Olayın yaşandığı sabah basın mensubu bir arkadaşı sayesinde olaydan haberi olduğunu belirten Uğur, "Reha Muhtar'ın telefonuna ulaşmaya çalıştım açan olmadı. Hastaneye ulaşmaya çalıştım, size bilgi veremeyiz dediler. Oğlumun telefonuna ulaşmaya çalıştım. Oğlumun telefonunda ben engelliyim. Ben bunu daha önce de zaten dile getirmiştim. Kamuoyu bunu biliyor, ben çocuklarıma babalarında oldukları zarfında o günlerde zaten telefonla ulaşmam yasaktı. Dolayısıyla oğluma ulaşmak mümkün olmadı yine. Ardından, benden önce arkadaşım Seren Serengil hastaneye ulaştı. Ben o sırada 112'yi aradım. Dedim ki 'Çocuğumun nerede olduğunu bilmiyorum. Hastaneden bilgi alamıyorum. Babası yoğun bakımda olduğu için benim yanımda olması gerekir. Çünkü çocukla ilgilenebilecek durumda değilken annesi olarak bana teslim edilmesi gerekir. Nerede olduğunu bilmiyorum. Sabahtan beri bilgi alamıyorum dedim. Polisler babasının evine gittiler. Oradan kapıyı açan olmadı. Evde olmadıklarını söylediler. Yanında Ayşe Nazlı Yumlu'nun oğlumun yanında bulunduğunu, ben hastaneye gitmeden önce Seren Serengil benden daha yakındı, ondan öğrendim. 'Poyraz burada' dedi Serengil bana, yanında Ayşe Nazlı var dedi" şeklinde konuştu.
"YARIN ÖBÜR GÜN TABURCU OLABİLECEK VAZİYETTE OLMADIĞINI ANLADIM"
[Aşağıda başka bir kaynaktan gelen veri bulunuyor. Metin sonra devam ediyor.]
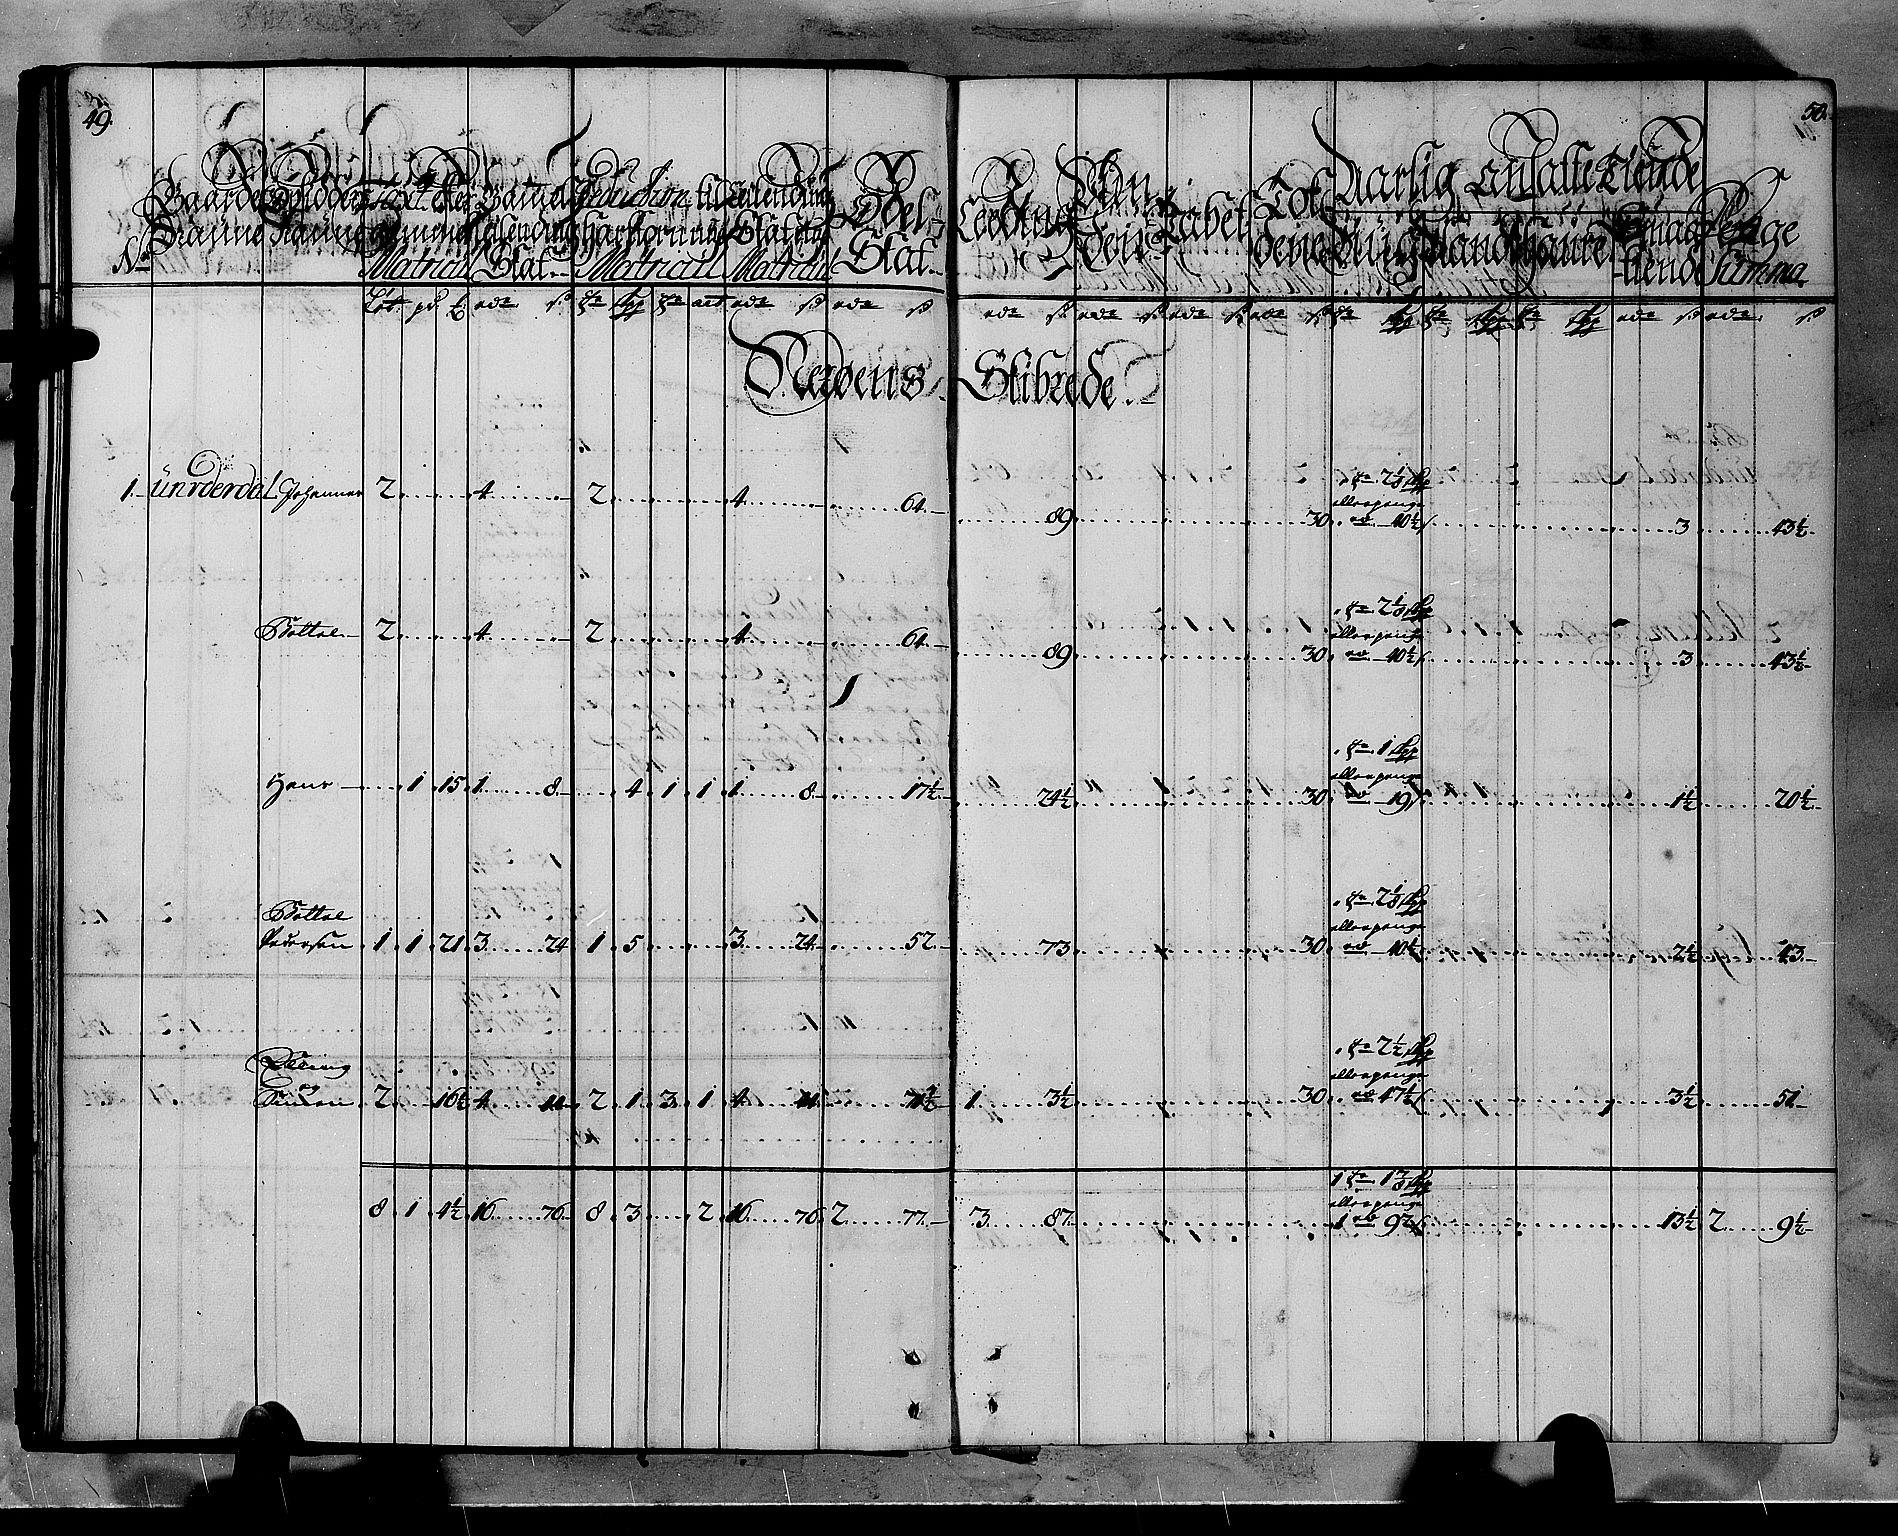 RA, Rentekammeret inntil 1814, Realistisk ordnet avdeling, N/Nb/Nbf/L0145: Ytre Sogn matrikkelprotokoll, 1723, s. 49-50
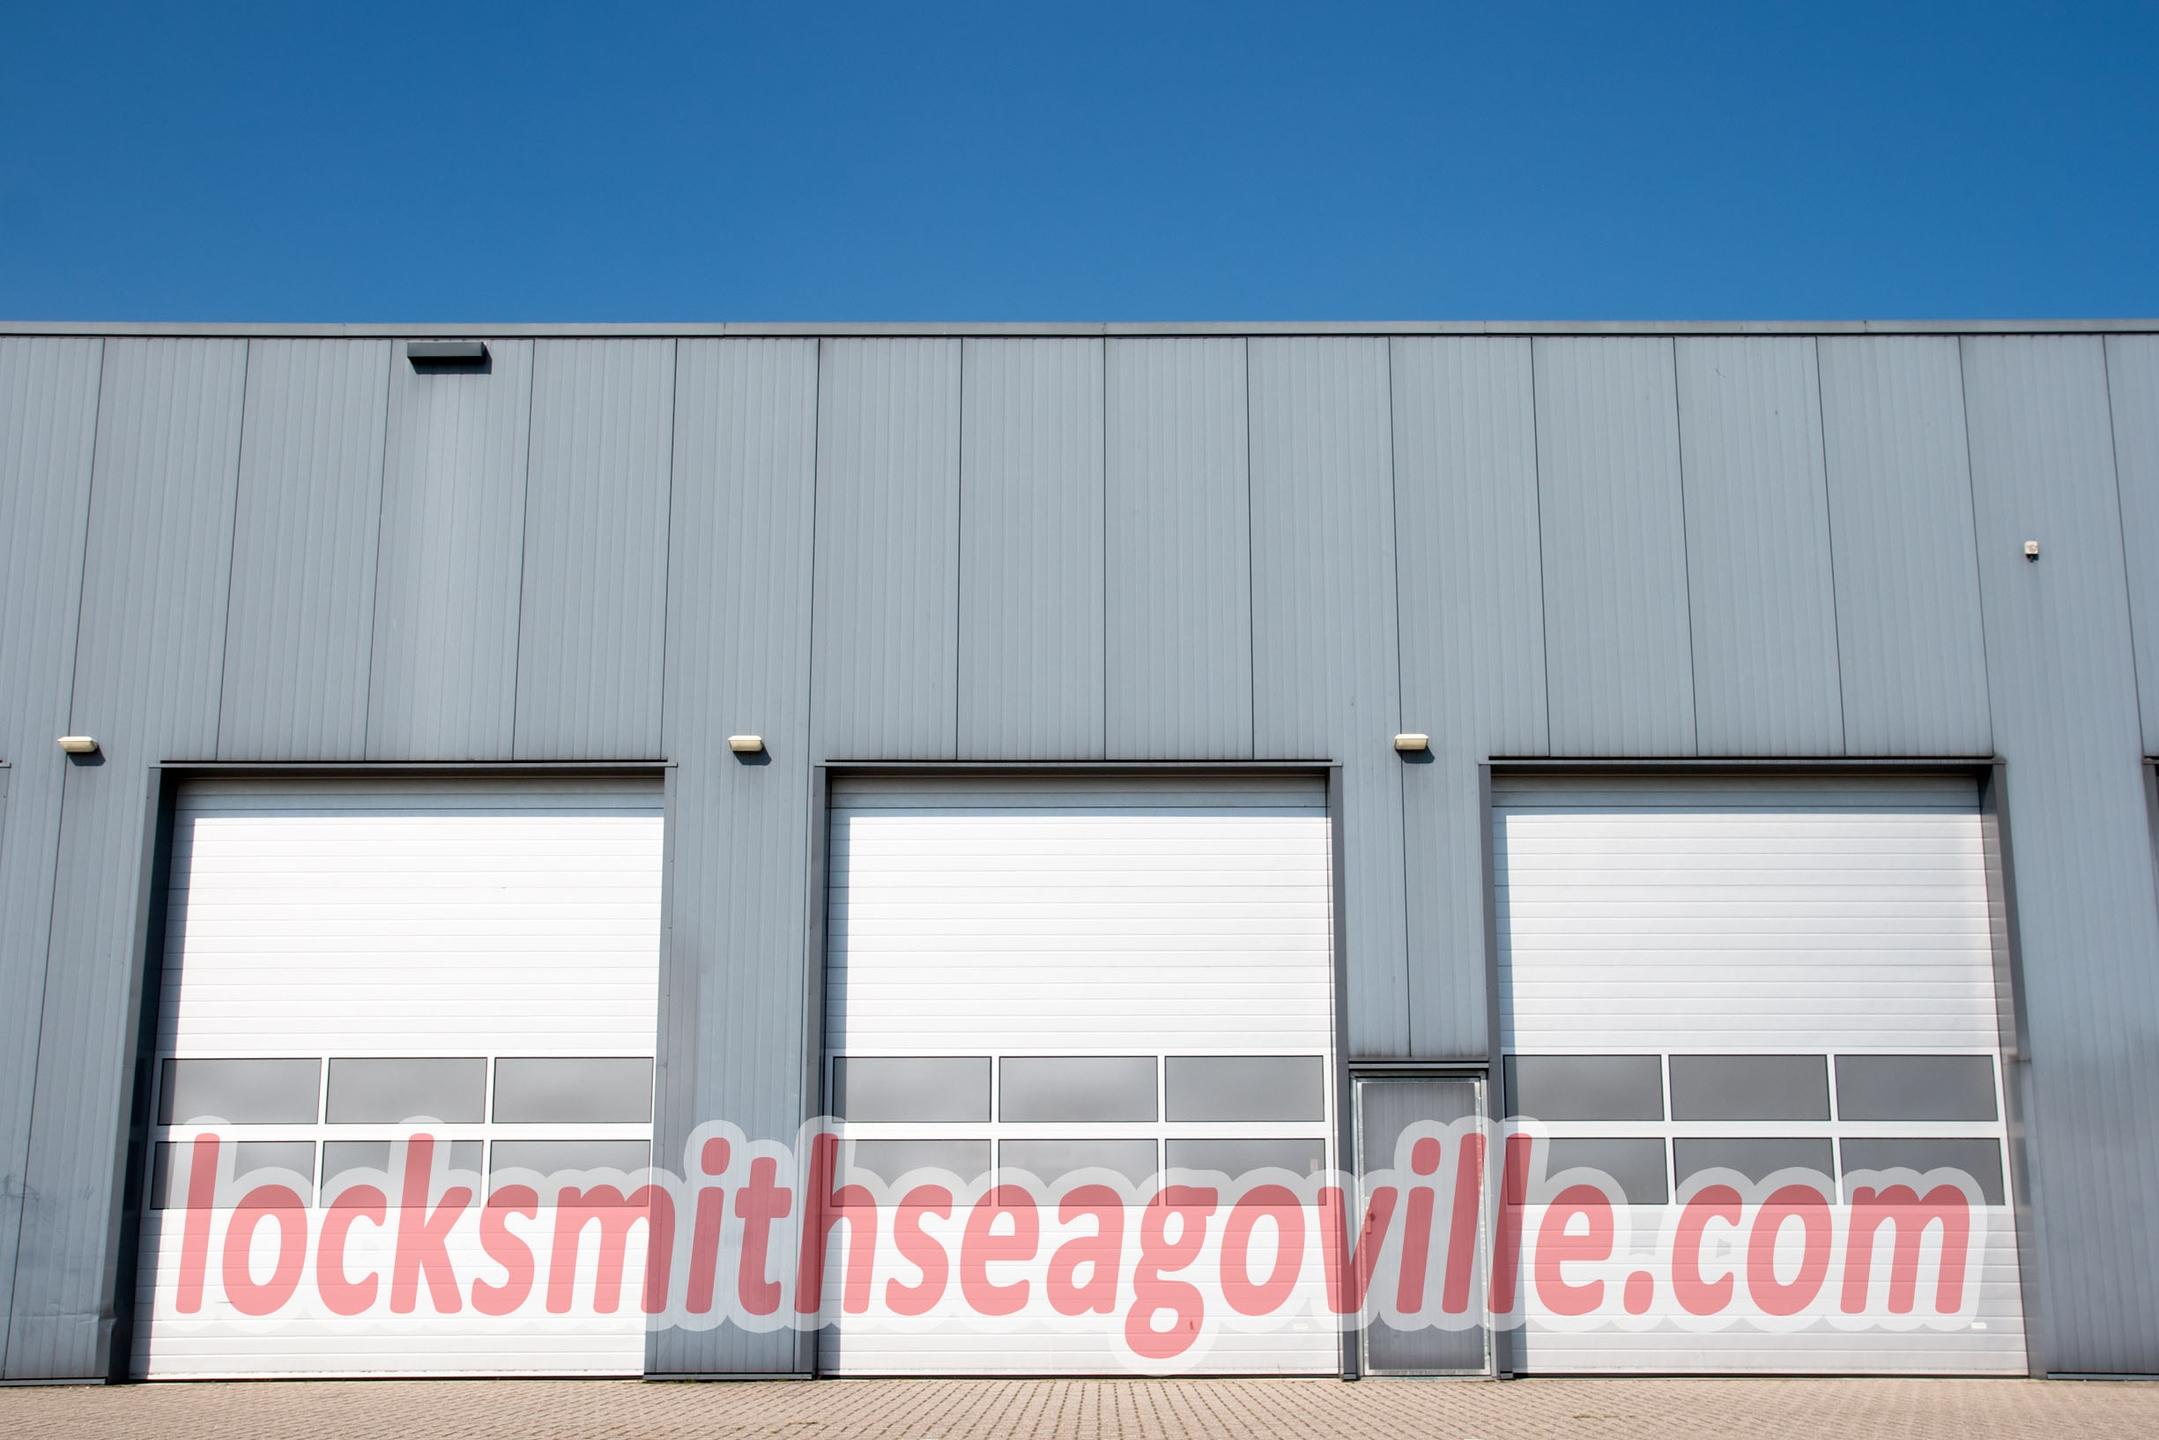 Locksmith In Seagoville (@seagovilleloc) Cover Image

Uğur, "Ayşe Nazlı'nın bende eski bir numarası vardı. Aradım, o numara kullanılmıyormuş. Derhal hastaneye gittim. Yönetimle konuştum neredeler dedim. Çocuğum nerede dedim. Babasının durumunu sordum. Kaç gün hastanede kalacak? Müşahede altında kalacak dedim. Hastane yönetimi bana şu şekilde bilgi verdi. 'Ne olacağını söylememiz şu durumda mümkün değil herhangi bir tahminde bulunmamız' dendi. Yani bundan anladım ki hani yarın, öbür gün taburcu olabilecek bir vaziyette değil, entübe edilmiş durumda. O zaman doğal olarak çocuğum da kaza yanında, anında yanındaymış düştüğü zaman. Ambulansı zaten o çağırmış, o komşulardan yardım istemiş ve çağırmış. Dolayısıyla çocuğumun da bir psikolojik desteğe ihtiyacı olması gerekiyor o anda. Dedim ki, hemen bir psikolog çağırın, çocuğumu göreyim. Hastaneden ayrıldığını söylediler" ifadelerini kullandı.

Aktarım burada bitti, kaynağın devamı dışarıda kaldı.